Top Story Suggestion

Top Story Suggestion

Changes to the feed are by far the biggest and I’m sure it ticked off a whole bunch of people. The new design of the feed tries to help you manage the madness of the barrage of status updates from your friends. The new design kinda has the feel of the Gmail priority inbox and it even suggests you about updates that might be of interest. In my case, the suggestions were not up to the mark! The biggest change might easily be the Live Updates on the top right, which let you see exactly what’s going on in your network right now. It’s interesting, but definitely makes you feel that Facebook is suddenly that much less private.

Of course, the funny thing right now is seeing the live updates … of everyone complaining about live updates!

New Stories Count

New Stories Count

And finally, we are informed of the number of new updates since our last visit. About time! Check out this cool video showcasing all the new additions in detail.

One Update Too Many?

People always find things to complain about. First they complained about how careless and unconcerned Facebook is with their privacy. When Facebook began iterating and started to implement changes to fix things, they now complain about taking away their familiar user interface. As of this moment, I couldn’t think of any other web juggernaut that brings in updates – tiny or huge – at such a breakneck speed.

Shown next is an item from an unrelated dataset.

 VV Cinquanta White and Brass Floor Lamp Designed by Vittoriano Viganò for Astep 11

How many updates have we seen from Twitter in the past year? Even without comparing them with Facebook, their track record is nothing to be proud of.

It’s a good thing that Facebook is working like a nimble startup – releasing early and releasing fast. And all this work is done without having the pressure of a competitor breathing down their neck. Imagine how awesome things would be if either Myspace or Google+ were neck to neck with Facebook in userbase and page views?

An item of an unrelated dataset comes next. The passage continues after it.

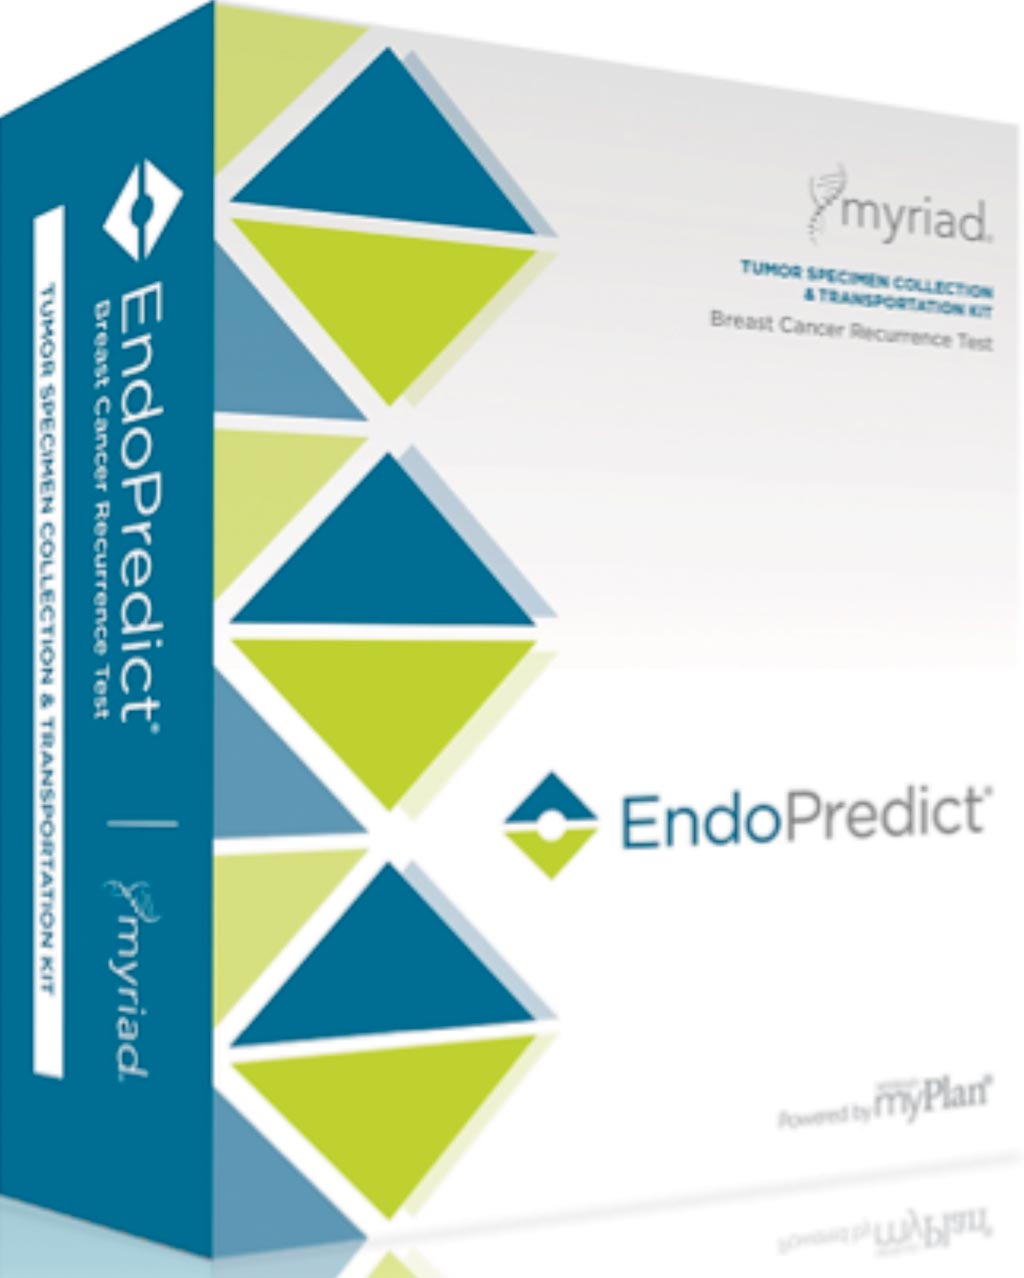 Image: EndoPredict is a next-generation breast cancer recurrence test that integrates tumor biology and pathology to accurately predict early and late (5-15 years) recurrence with an individualized absolute chemotherapy benefit (Photo courtesy of Myriad Genetics).

But as I mentioned earlier, updates do come at a breakneck speed. The official Facebook blog is like a warzone with so many posts every month about the new updates.

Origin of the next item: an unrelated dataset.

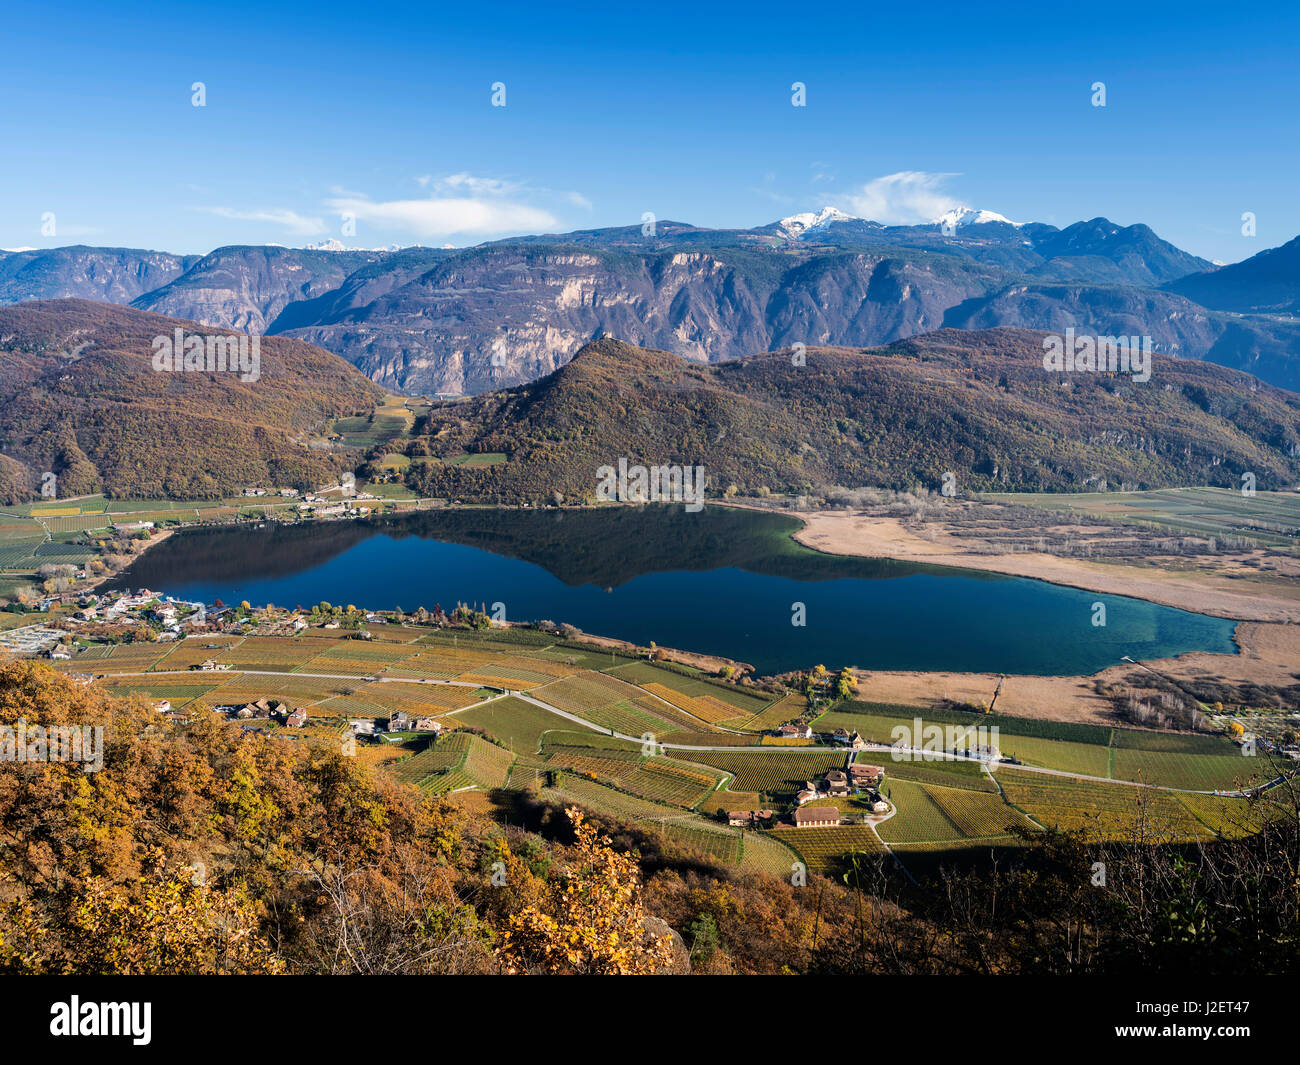 Lake Kalterer See (Lago di Caldaro) during autumn. The Dolomites and the Bletterbach canyon, both Unesco World Heritage Sites in the background. South Tyrol, Italy (Large format sizes available) Stock Photo

Given the size of Facebook, it’s understandable that rolling out one after another is a great way to take the load off their infrastructre. But everyone is annoyed when they see something amiss or out of place ever so often. A regular, time bound release cycle, much like web browsers would help people cope with the changes without any fuss. Besides, a spaced out, predicatble update schedule will definitely make people take interest at what Facebook is doing and what they will be doing next. Now, nobody is caring at all … except to complain!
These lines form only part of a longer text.